Figure 3: Cross references to logging function
Given the large number of logging calls, we write a script which recovers the function names from the second argument and renames the caller functions.
The IDA Script
An IDAPython script was written to automate the process. It works according to the following algorithm.
- Get list of cross references (xrefs) to the logging function
- Get unique caller functions from the list of xrefs
- Decompile each caller
- Find the logging function call and retrieve the second argument as the function name
- Rename the caller function with the retrieved function name
I decided to write a generic script which can be reused in other projects. For that, I used IDA’s decompiler API to avoid processor and calling convention specific code.
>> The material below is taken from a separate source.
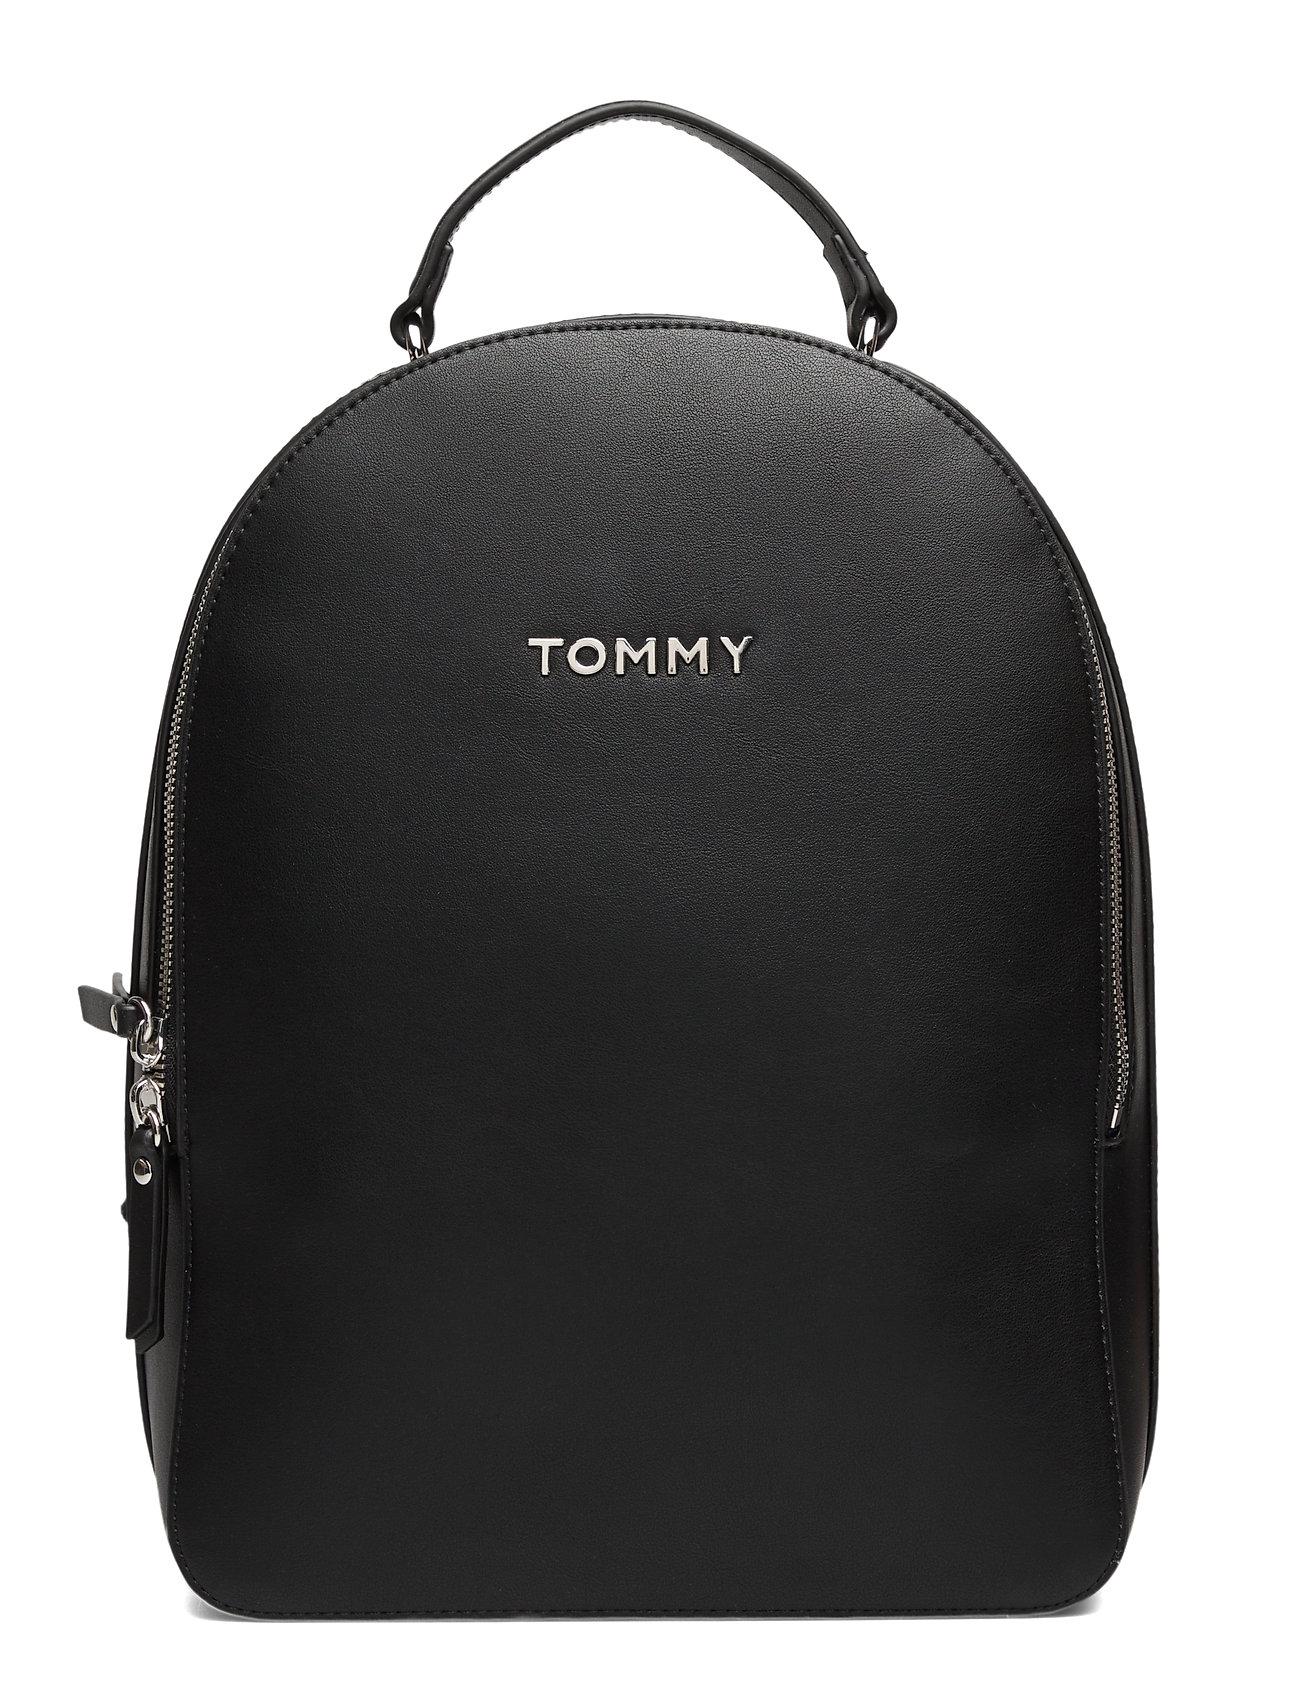 Image of Tommy Staple Dome Backpack Bags Backpacks Fashion Backpacks Sort Tommy Hilfiger (3337005115)
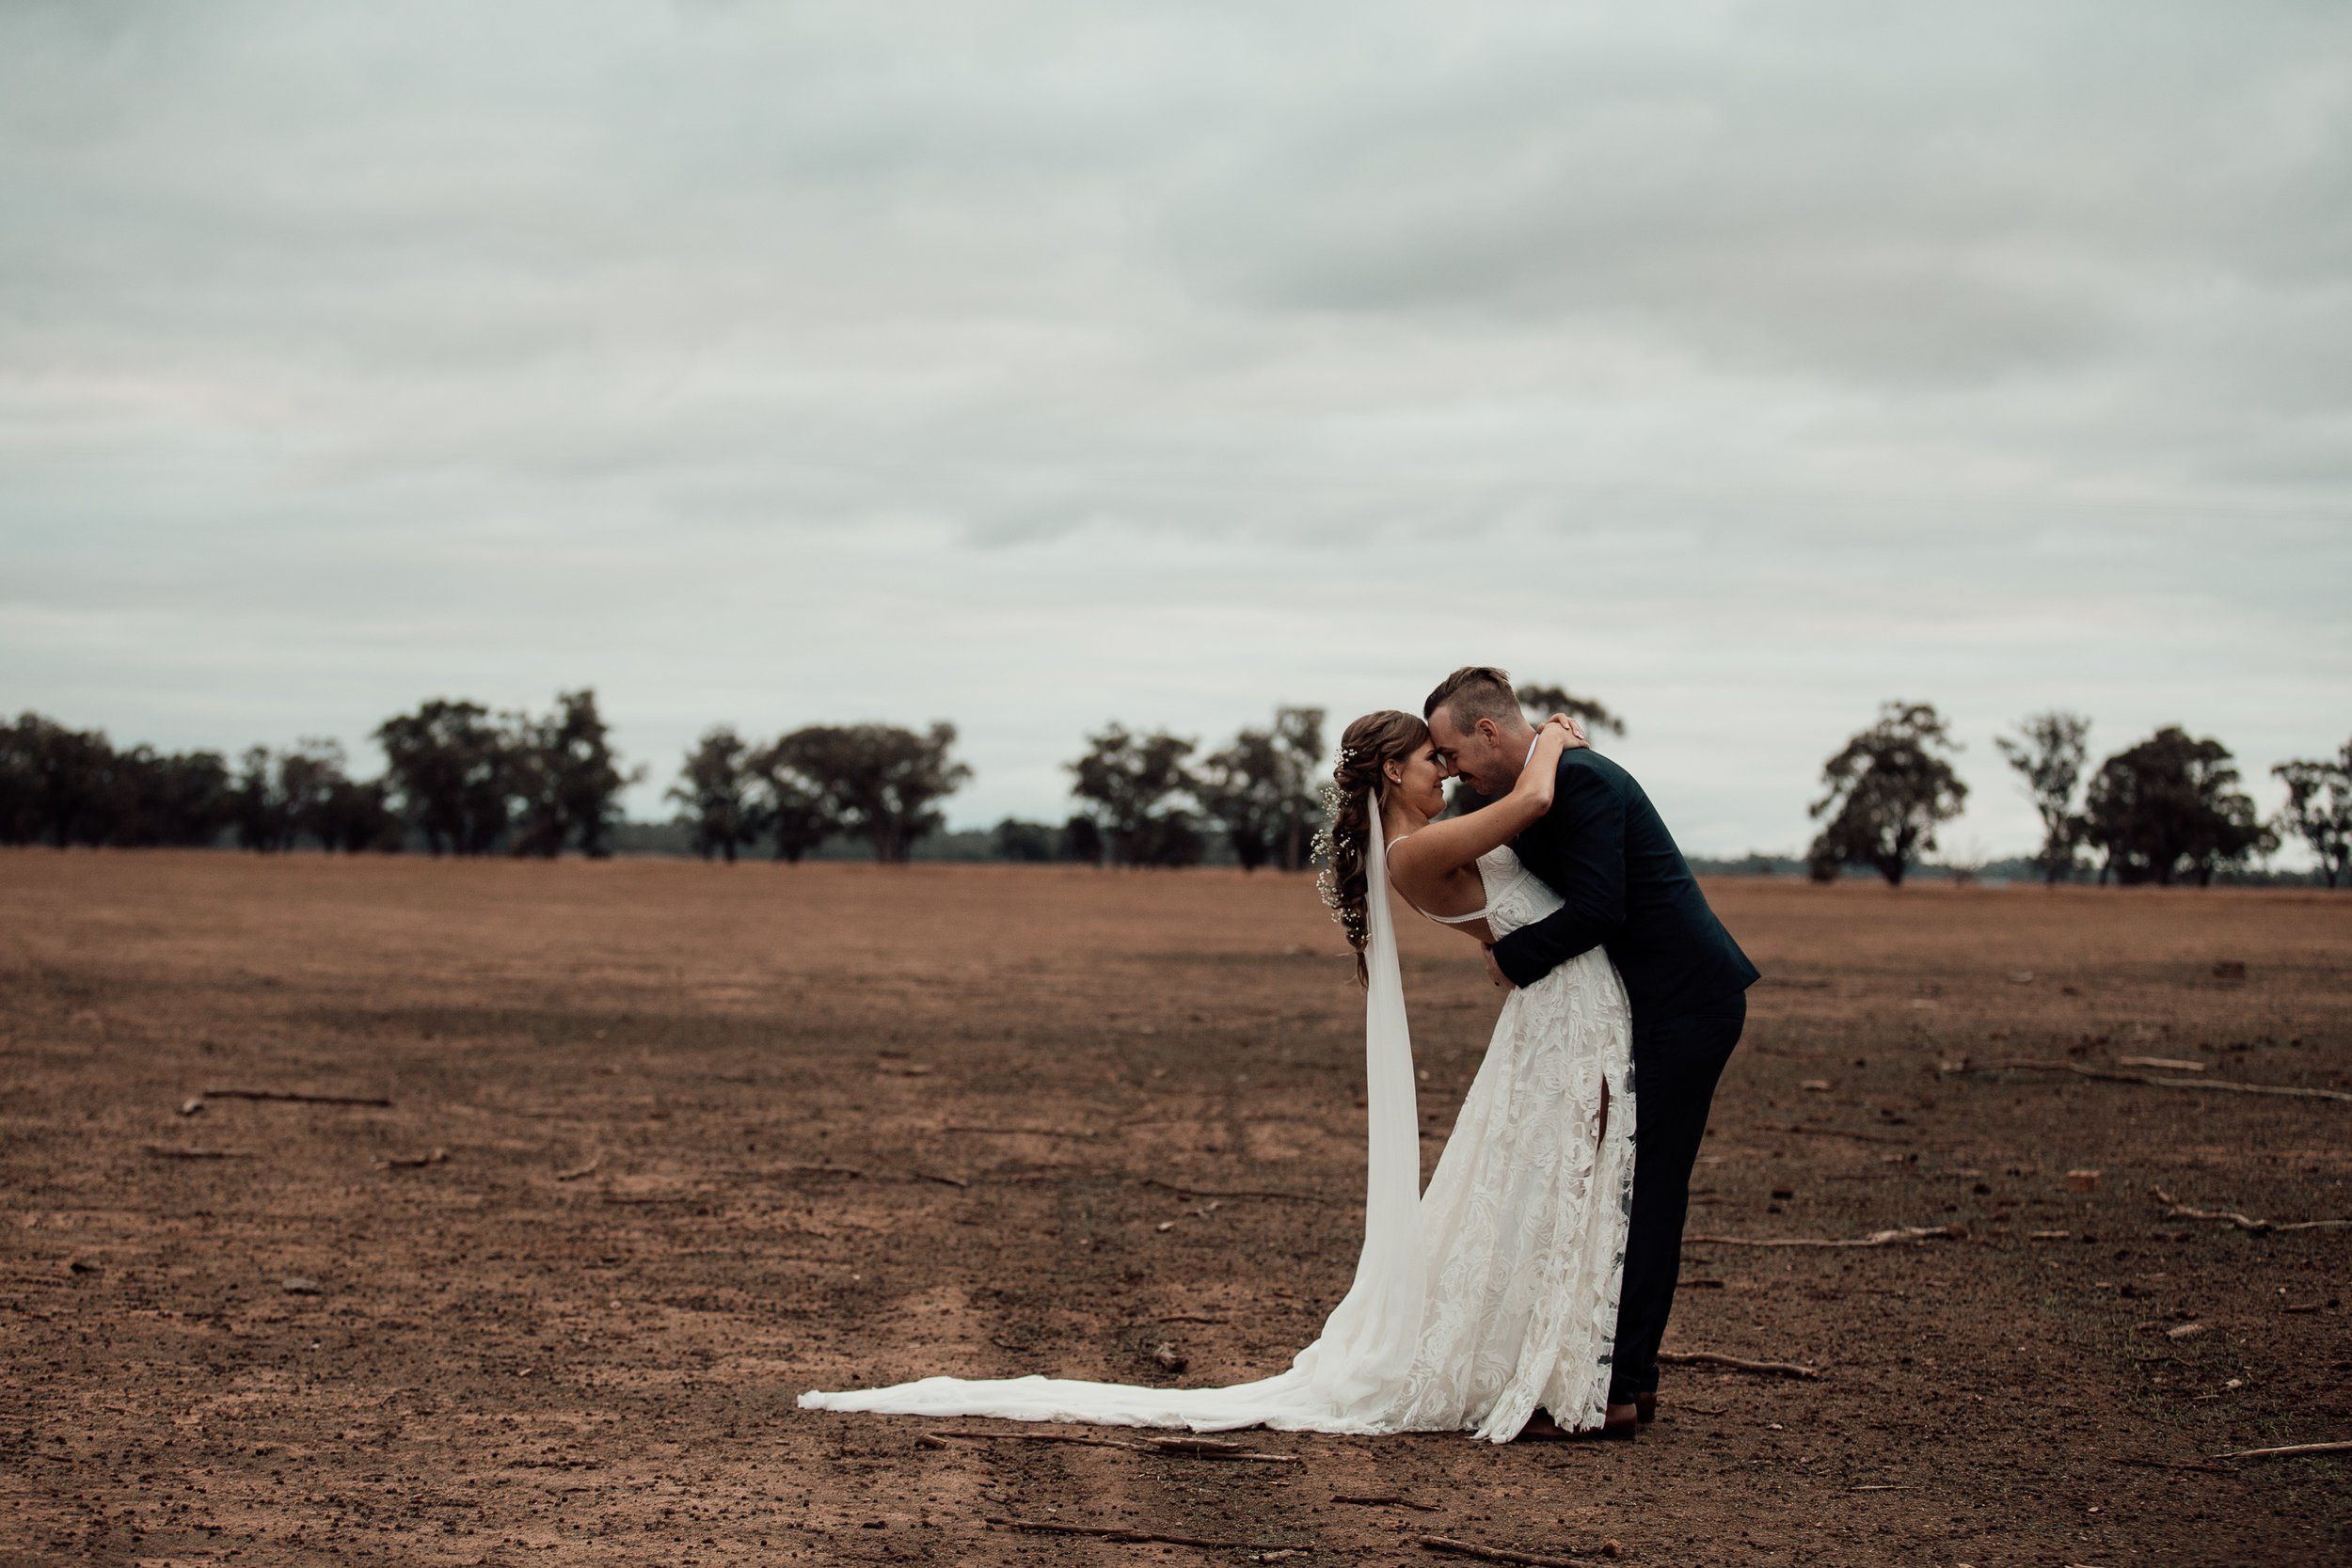 mickalathomas_puremacphotography_weddingphotographer_couplephotographer_Sheppartonphotographer_1467.jpg

The script also makes use of our decompiler wrapper FIDL. The script is provided in Table 1.
from idc import *
from idaapi import *
from idautils import *
import FIDL.decompiler_utils as du
# f_name: The logging function name
# indx: 0 based argument index to retrieve
def rename(f_name, indx):
f_ea = get_name_ea_simple(f_name)
if f_ea == BADADDR:
print("Failed to resolve address for {}".format(f_name))
return
callers = set()
# Get a set of unique callers
for ref in XrefsTo(f_ea, True):
if not ref.iscode:
continue
f = get_func(ref.frm)
if f is None:
continue
f_ea = f.start_ea
callers.add(f_ea)
for caller_ea in callers:
current_fname = get_func_name(caller_ea)
# Rename only if the function name starts with sub_
if current_fname.startswith("sub_"):
c = du.find_all_calls_to_within(f_name, caller_ea)
try:
# Validate the logging function and arguments
if len(c) > 0 and len(c[0].args) > indx:
f_name_str = c[0].args[indx].val
set_name(caller_ea, "{}".format(f_name_str), SN_FORCE)
else:
print("Failed in {}\n".format(current_fname))
except:
print("Exception in {}\n".format(current_fname))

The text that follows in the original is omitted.